FOR IMMEDIATE RELEASE
PARIS, France – July 18, 2017, at 06:00pm CET – Lysogene (FR0013233475 – LYS), a leading, Phase 3, biopharmaceutical company pioneering gene therapy technologies to treat central nervous system (CNS) diseases, today announced the formation of a Scientific Advisory Board (SAB) comprised of world-leading experts in gene therapy discovery and development.

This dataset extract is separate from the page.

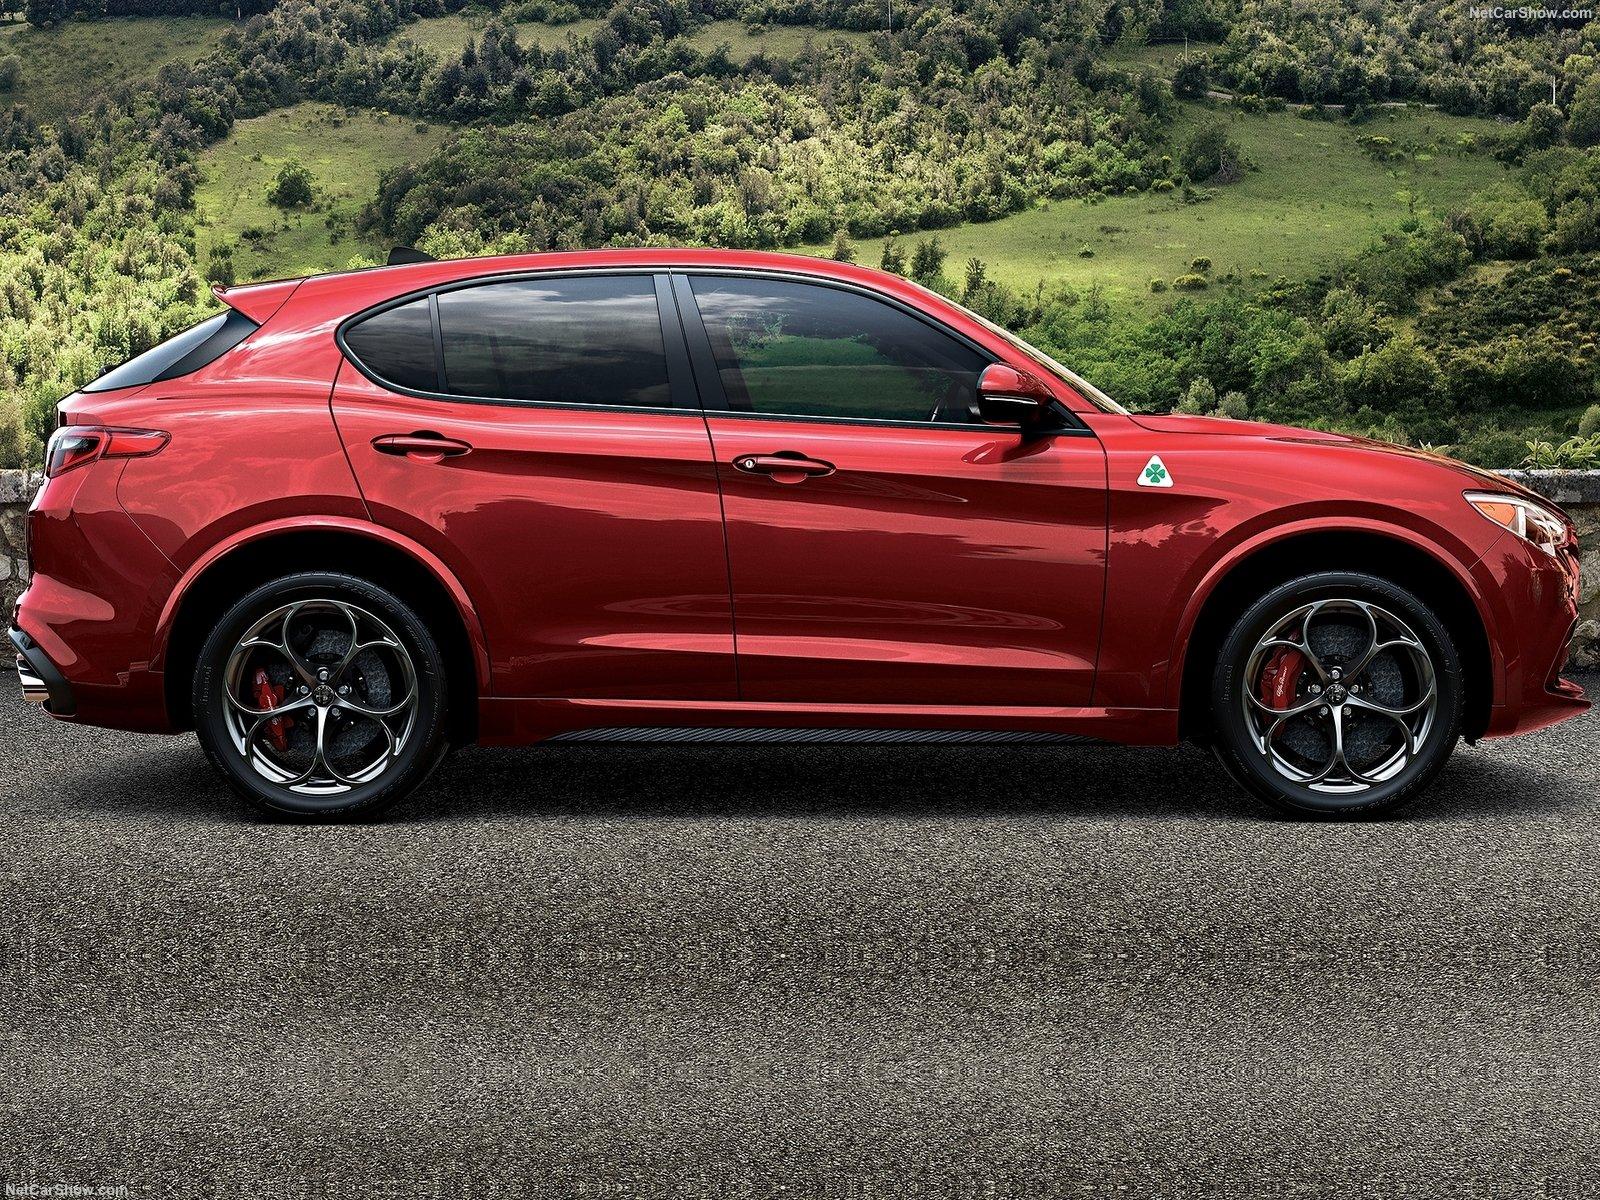 Alfa_Romeo-Stelvio_Quadrifoglio-2018-1600-04.jpg

“Gene therapy using recombinant adeno-associated virus (AAV) vectors is changing the course of previously untreatable monogenic diseases,” said Dr. Ronald Crystal, Chairman of the Department of Genetic Medicine and the Bruce Webster Professor of Internal Medicine at Weill Cornell Medicine and member of the newly established Scientific Advisory Board. “Direct to CNS approaches have demonstrated promising safety and tolerability with the potential of achieving high bioavailability and CNS distribution. I look forward to working with Lysogene and the members of the SAB to further explore the potential of this approach to treat CNS diseases.”
“The establishment of this SAB reflects our commitment to becoming a leading company in the field of CNS gene therapy,” continued Dr. Ralph Laufer, Chief Scientific Officer at Lysogene. “The vision of these international renowned experts, in this very promising field, will considerably reinforce our expertise and support our goal of establishing a new paradigm for the treatment of monogenic neurological diseases.” The SAB is a key strategic resource to Lysogene providing scientific expertise and guidance to the team as the Company continues to advance gene therapy candidates to treat CNS diseases, including LYS-SAF302
– currently in Phase 2-3 – for the treatment of Sanfilippo syndrome type A (MPS IIIA), LYS-GM101 – soon to enter Phase 1-2 – for the treatment of GM1 Gangliosidosis and preclinical proof of concept program in Fragile X syndrome.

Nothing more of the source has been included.